School-based interventions are generally ineffective for preventing weight gain in children. In 2007, a group from the University of British Columbia, developed a program called Healthy Buddies, that relied on peer mentors to help young children adopt healthy living behaviours. Pilot studies revealed that the program effectively prevented weight gain in children. This trial had never been tested on a large scale using a more scientifically sound study design. We developed a large school-based randomized trial to overcome that limitation and test the hypothesis that that a school-based peer-led healthy living program would reduce adiposity and increase physical activity among children 6-12yrs old.


Condition Intervention
Healthy Children
Elementary School Age
Rural and Urban
First Nations
Other: Healthy Buddies Curriculum

Study Type: Interventional
Study Design: Allocation: Randomized
Endpoint Classification: Efficacy Study
Intervention Model: Single Group Assignment
Masking: Open Label
Primary Purpose: Prevention
Official Title: Healthy Buddies Manitoba: A Cluster Randomized Controlled Effectiveness Trial of Peer Mentoring for Healthy Eights in Children.

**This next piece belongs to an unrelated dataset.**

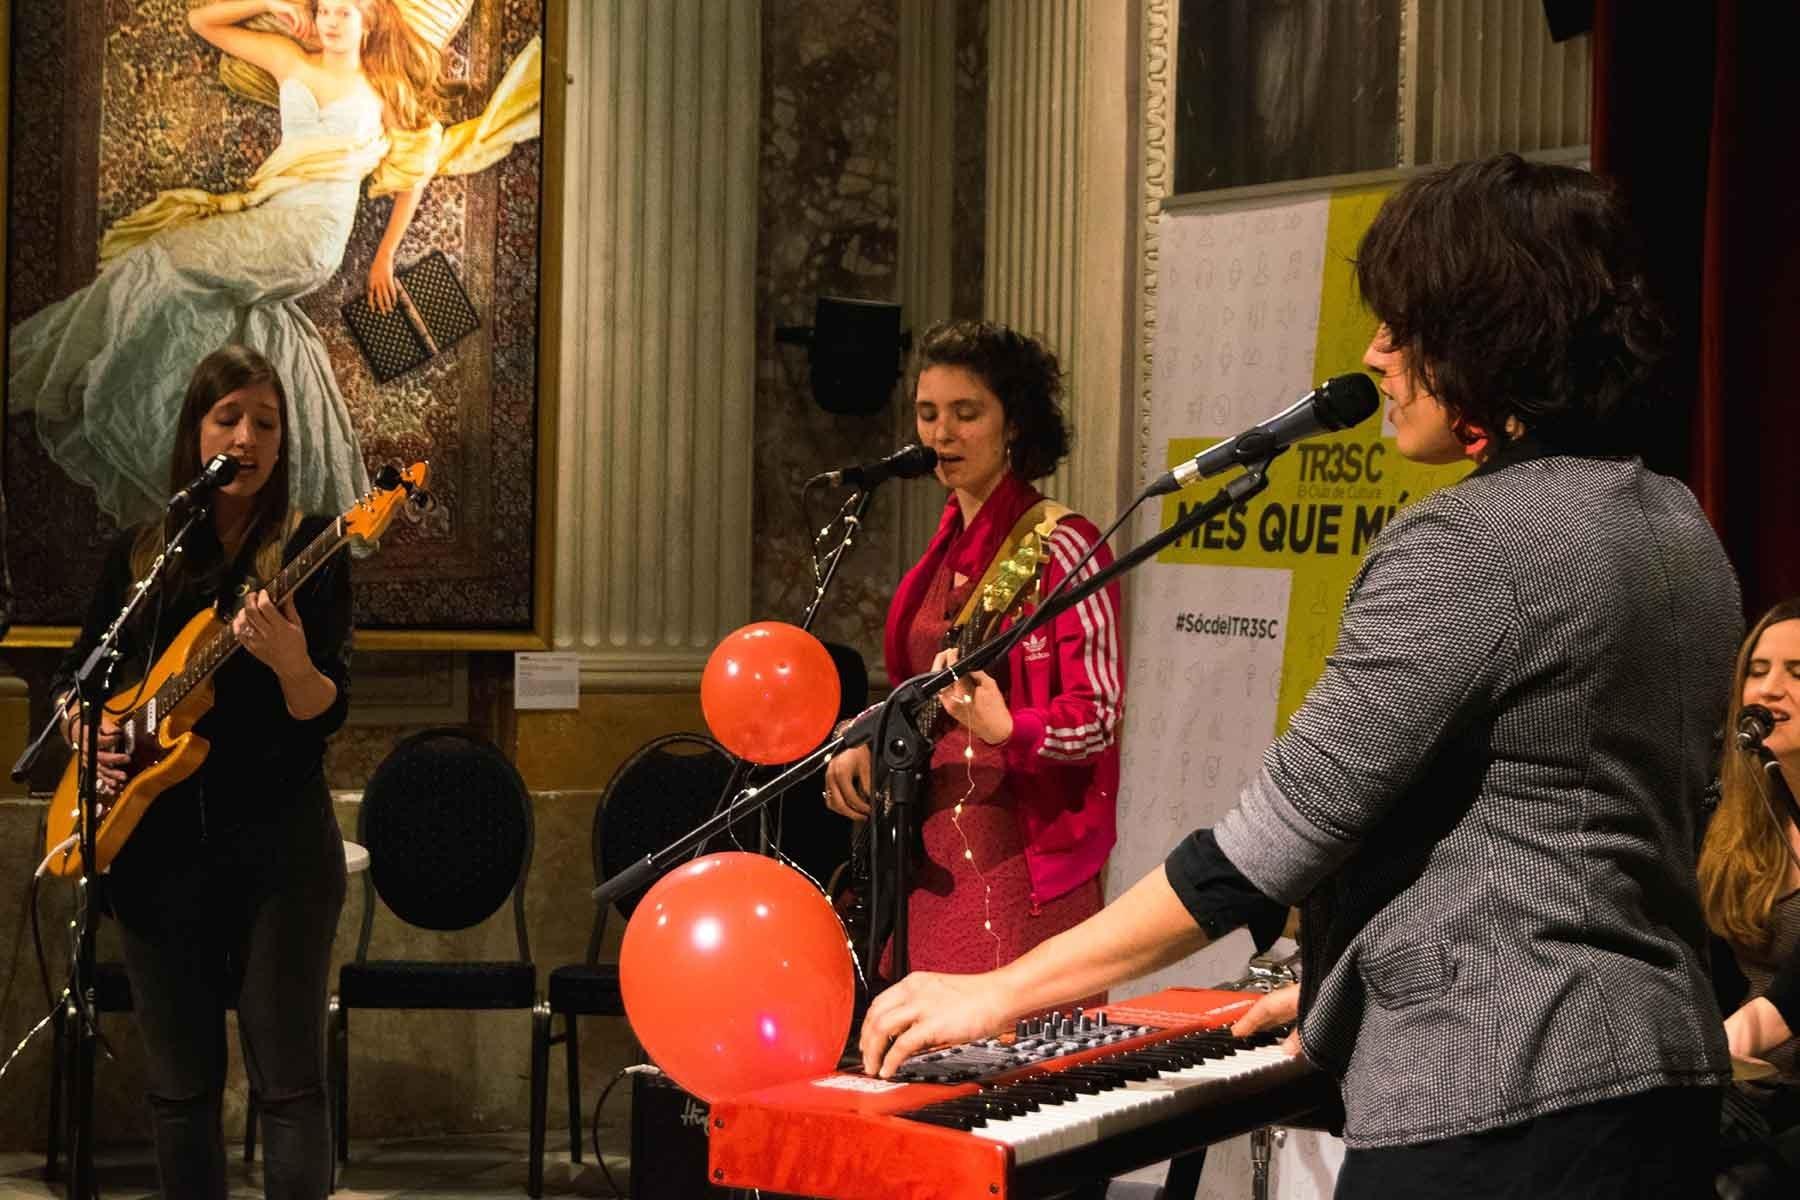 #MésQueMúsica amb WOM's Collective

Resource links provided by NLM:


Further study details as provided by University of Manitoba:

Primary Outcome Measures:
  • Waist circumference [ Time Frame: 10 months ] [ Designated as safety issue: No ]
    Waist circumference at the top of the iliac crest measured in duplicate with a flexible tape.

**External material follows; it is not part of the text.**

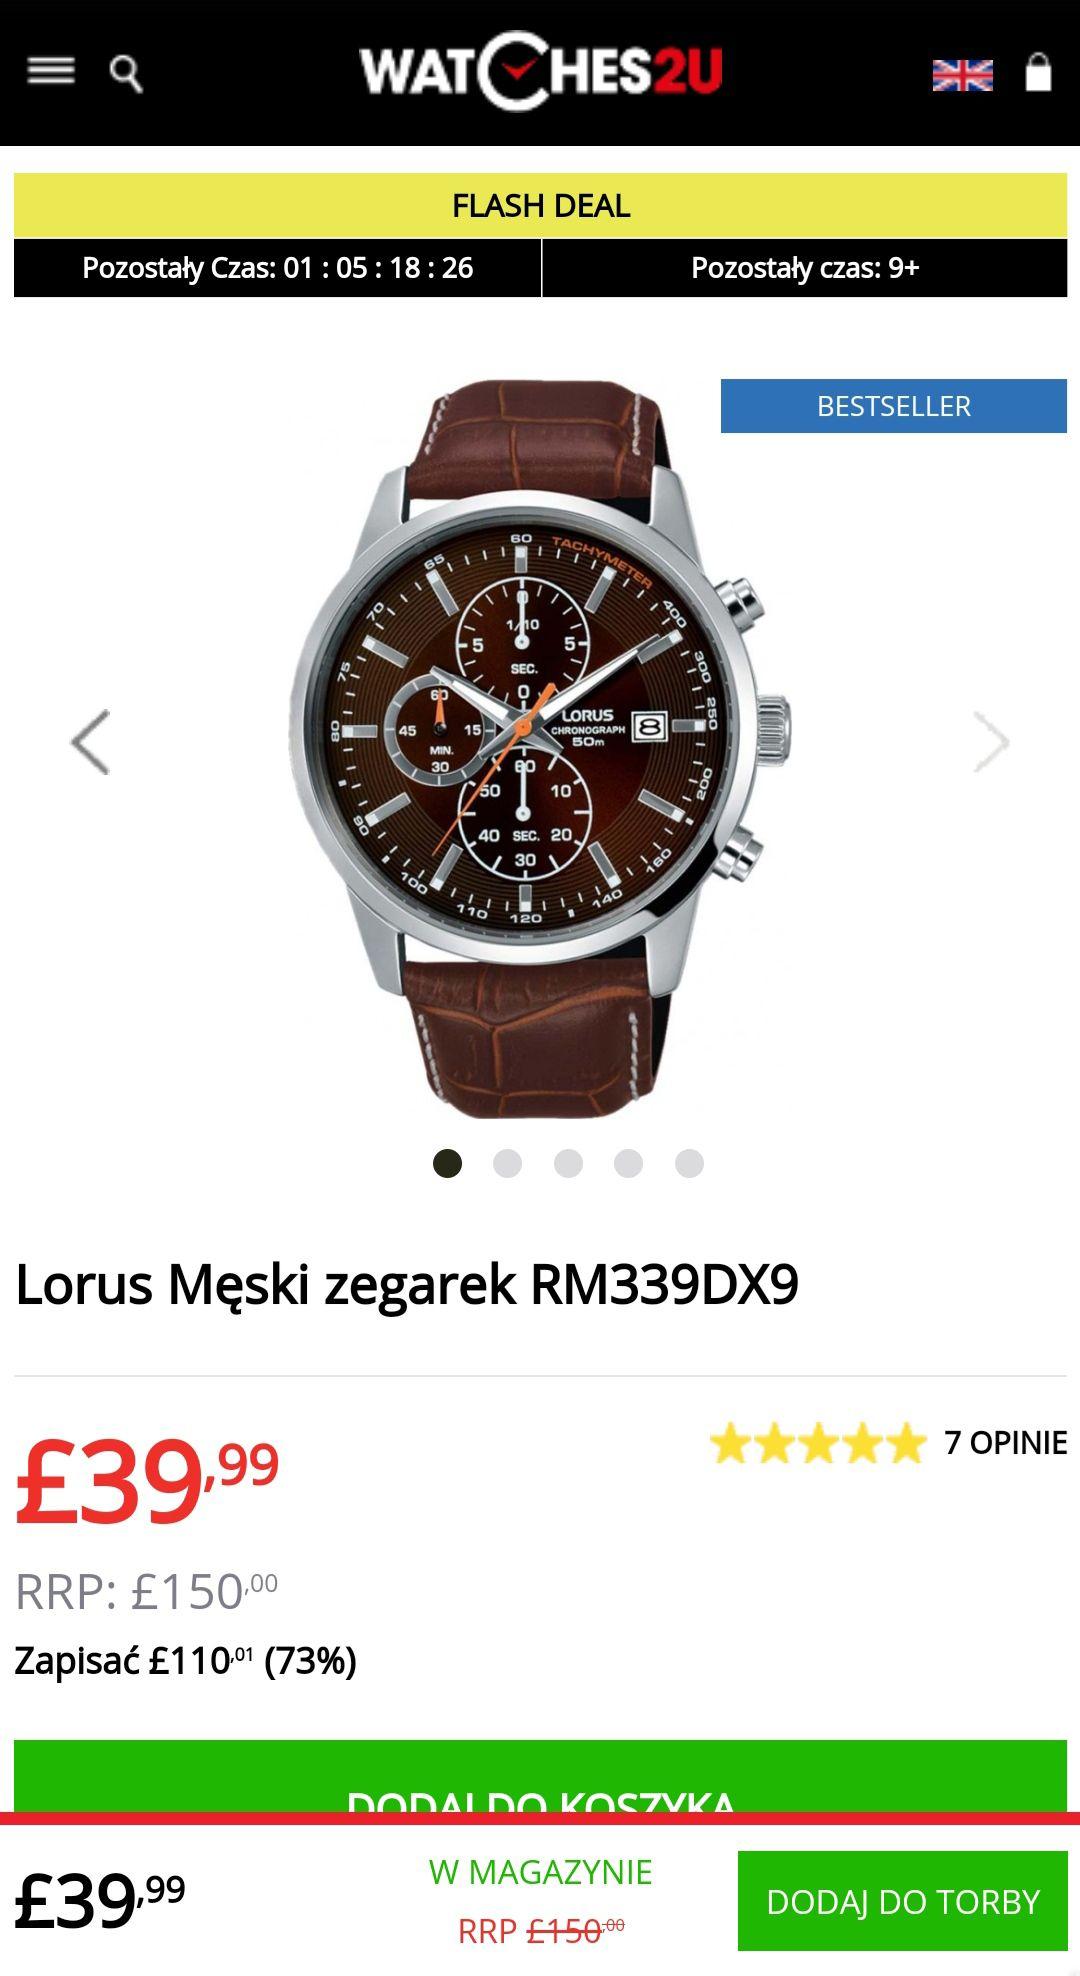 Lorus męski zegarek rm339dx9 £39,99

  • BMI-Z score [ Time Frame: 10 months ] [ Designated as safety issue: No ]
    Body mass index Z score is calculated from weight/height2 and normalized to population normative data for age (months) and sex.

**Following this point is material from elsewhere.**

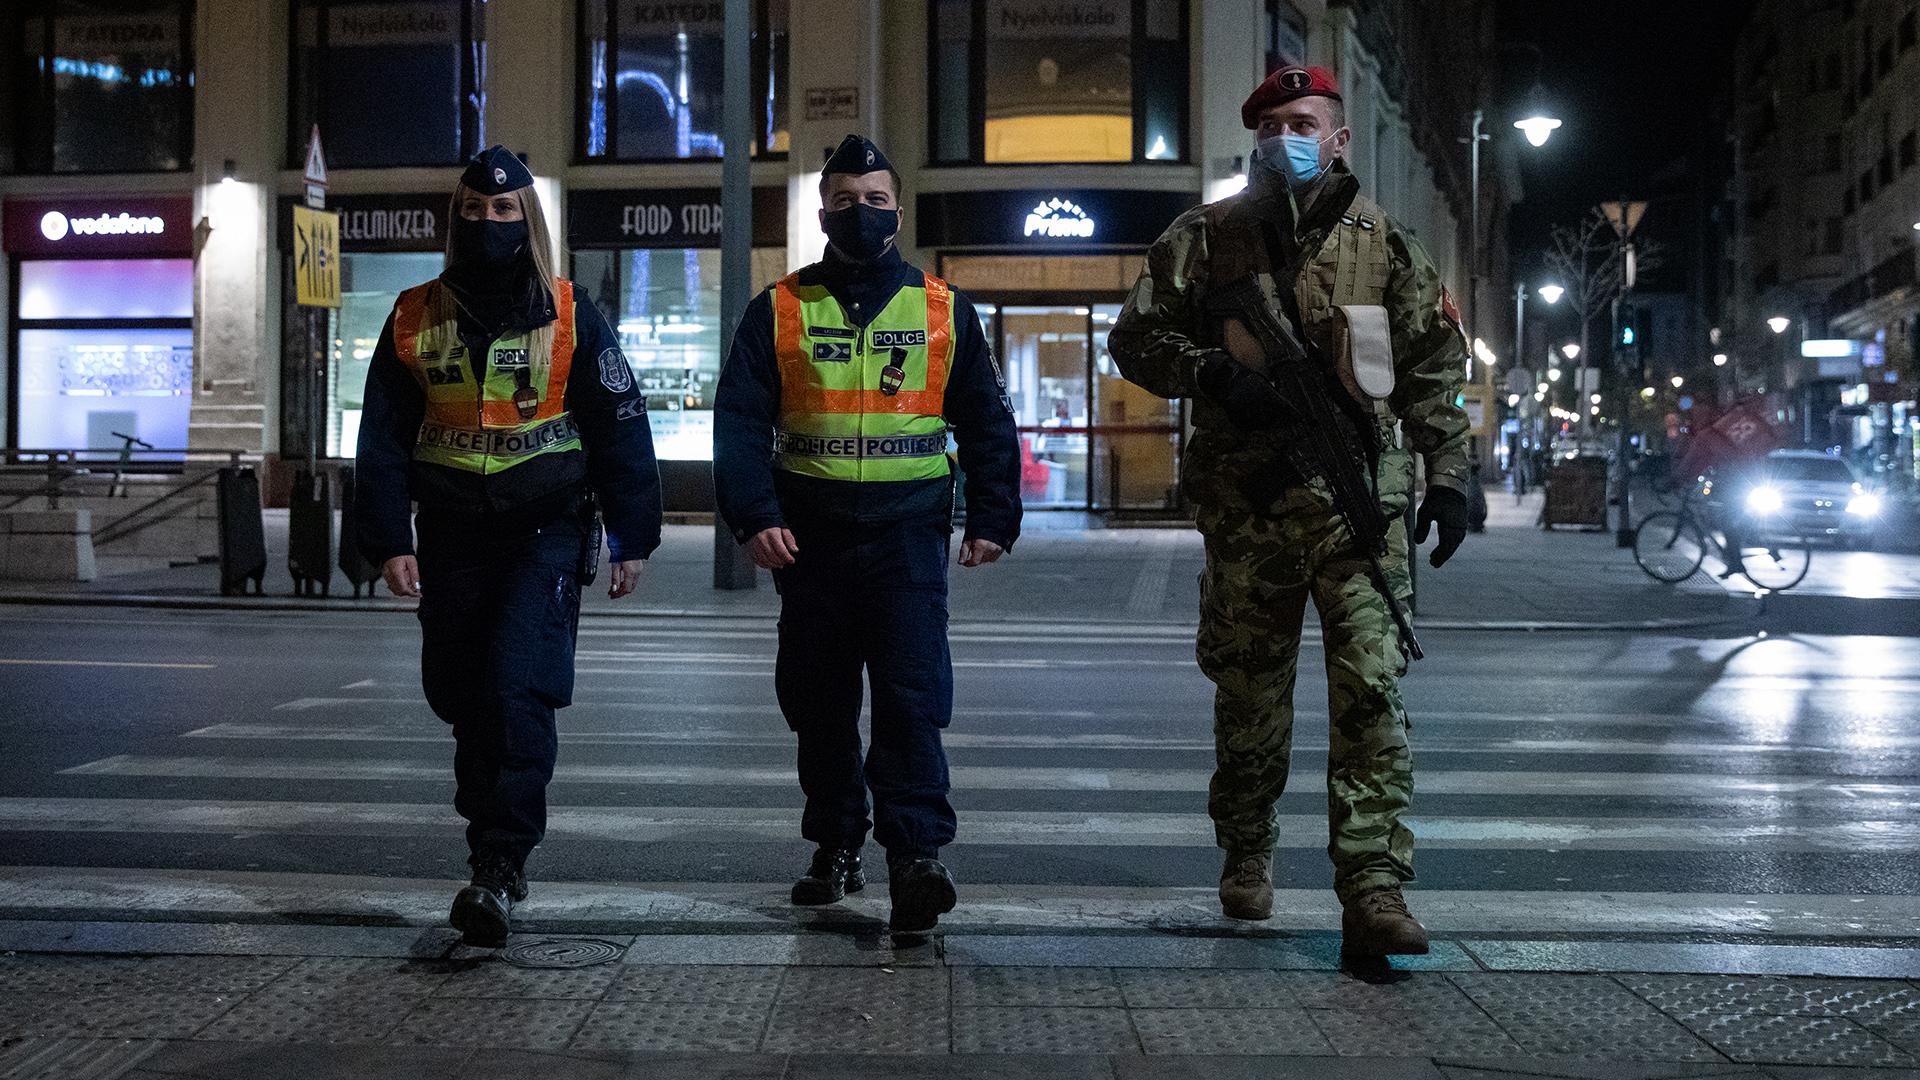 Illegális házibulihoz vonultak ki a rendőrök Újpesten

Secondary Outcome Measures:
  • Physical activity [ Time Frame: 10 months ] [ Designated as safety issue: No ]
    Objectively measured using daily pedometer counts recorded by teachers.

  • Healthy living knowledge and behaviours [ Time Frame: 10 months ] [ Designated as safety issue: No ]
    Questionnaires regarding healthy foods and food frequency.

  • Self efficacy [ Time Frame: 10 months ] [ Designated as safety issue: No ]
    Questionnaire.


Enrollment: 647
Study Start Date: September 2009
Study Completion Date: May 2013
Primary Completion Date: June 2010 (Final data collection date for primary outcome measure)
Arms Assigned Interventions
Experimental: Healthy Buddies Curriculum
Healthy buddies curriculum delivered by older peers weekly covering three components of healthy living: Physical activity, healthy eating and a healthy body image.
Other: Healthy Buddies Curriculum
Each week, intermediate students will receive a 45-minute healthy-living lesson plan from their classroom teacher. Later that week, intermediate students will serve as peer mentors ("Buddies"), teaching a 30-minute lesson to their younger students. The Physical activity (i.e."Go Move!") component of the lesson plans includes 30-minutes of structured aerobic fitness sessions, called fitness loops, with the student pairs twice weekly. The dietary ("Go Fuel!") component includes lessons about distinguishing nutritious and from unhealthy (nutrient poor-energy rich) foods and beverages. The body image ("Go Feel Good!") component, the students are taught to value classmates based on individual traits rather than peer influence.
No Intervention: Control
This group received standard school curriculum.

  Eligibility

Ages Eligible for Study:   7 Years to 12 Years
Genders Eligible for Study:   Both
Accepts Healthy Volunteers:   Yes
Criteria

Inclusion Criteria:

  • Participating schools need to meet the following eligibility criteria: (1) were within provincial jurisdiction, (2) had a minimum of 200 students per school, (3) offered grades 1 through 6.

Exclusion Criteria:

  • Children will be excluded if consent was not received from parents or if they had a condition that limited participation in physical activity.
  Contacts and Locations
Choosing to participate in a study is an important personal decision. Talk with your doctor and family members or friends about deciding to join a study. To learn more about this study, you or your doctor may contact the study research staff using the Contacts provided below. For general information, see Learn About Clinical Studies.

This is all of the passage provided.